A millennium later, Alberta’s business community continues to debate what a “sufficiently large” wage is.

That is a shame, because great cities look after everyone’s welfare.

Premier Ed Stelmach legislated the province’s position by setting minimum wage at $8.40 an hour, effective April 1.

With Calgary’s high costs, a living wage — enough to meet basic needs, maintain a safe, decent standard of living and tuck away a bit for emergencies — translates into $12 an hour with benefits or $13.25 without.

Several hundred cities in the U.S. have adopted the living wage policy. Calgary is leading the charge for Canada. According to Vibrant Communities Calgary, from June to December 2007, almost 32,000 Calgarians earned $9.99 or less an hour.

More than half were women and most needed assistance from the Calgary Food Bank so their children had enough to eat. They worked as store clerks, hotel cleaners, hosts and servers in restaurants or as janitorial staff at city hall and downtown office towers.

Last year, 150 small business operators in Calgary were surveyed about their compensation packages.

Some 91% who paid minimum wage reported they had trouble attracting and retaining staff, while 55% who paid a living wage said they had no difficulty with staff turnover and absenteeism.

A Calgarian earning a minimum wage has to work 88 hours a week to afford a one-bedroom apartment renting at about $900, without spending more than 30% of income on accommodation, Canada Mortgage and Housing’s measure of affordability. Conversely, if that same person earned a living wage, he or she could work 35 to 40 hours a week and pay the rent.

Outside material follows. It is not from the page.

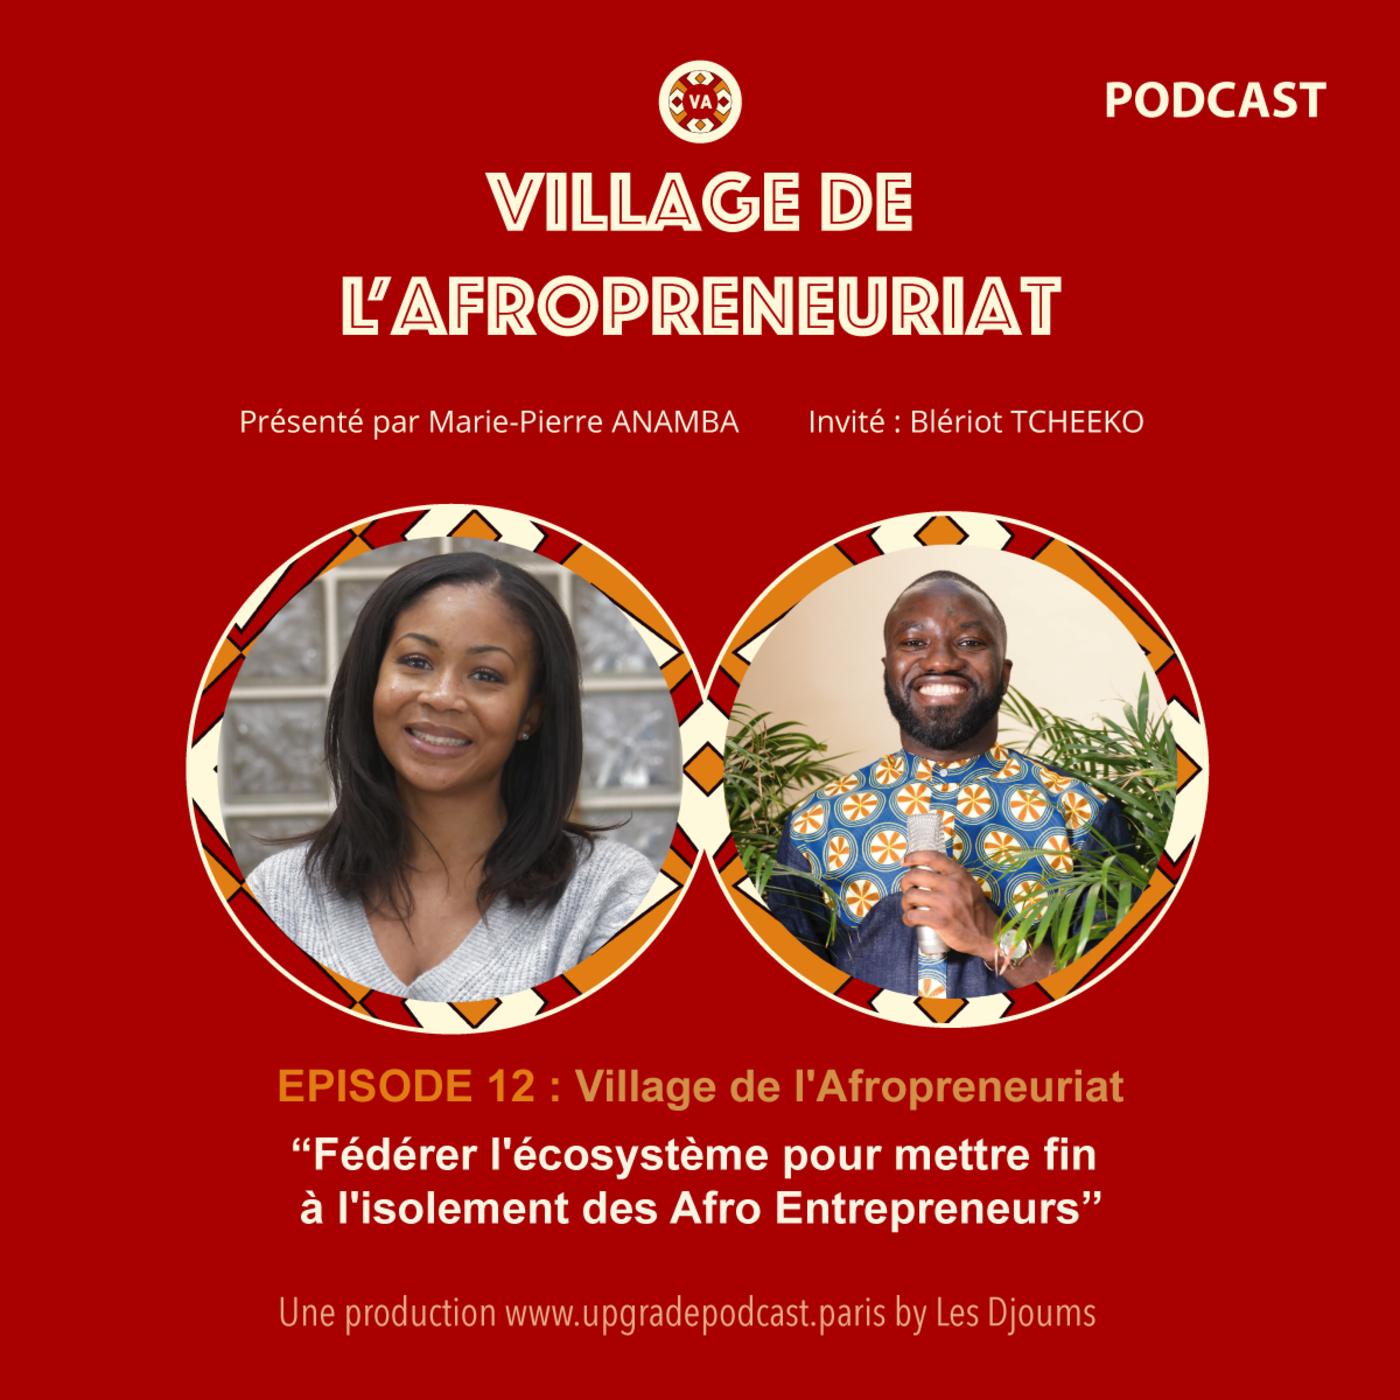 S1EP12 - Fédérer l'écosystème autour des Afro Entrepreneurs - Village de l'Afropreneuriat - Blériot TCHEEKO

The Calgary Chamber of Commerce, a not-for-profit business group funded by its membership, pays its dishwashers, servers, and janitorial staff a living wage plus benefits. We have a wonderful cadre of long-serving employees who love the Chamber and are proud to work with us. As management, we are humbled by their dedication and loyalty.

In short, we practise what we preach.

However, the Chamber worries about governments legislating a mandatory living wage. Yesterday city hall debated if it should include living wages in its proposed procurement policy. If passed, council must ensure that living wages:

* Are well-defined and directly tied to Statistics Canada’s market basket measures.

* Apply to full-time employees (rather than part-timers looking to earn extra cash).

* Do not create a new layer of bureaucracy to impose red tape or police it.

The most successful organizations pay a living wage, not for recompense in the afterlife but for the economic returns. The only way we can build Calgary into a renaissance city is to ensure no one is left behind.

We are wealthy and vibrant. This should be easy.

One comment

  1. Wow, what a progressive and future thinking Chamber we have in Calgary. Indeed, if we want to be a great city – we need to do great things and dream even greater things.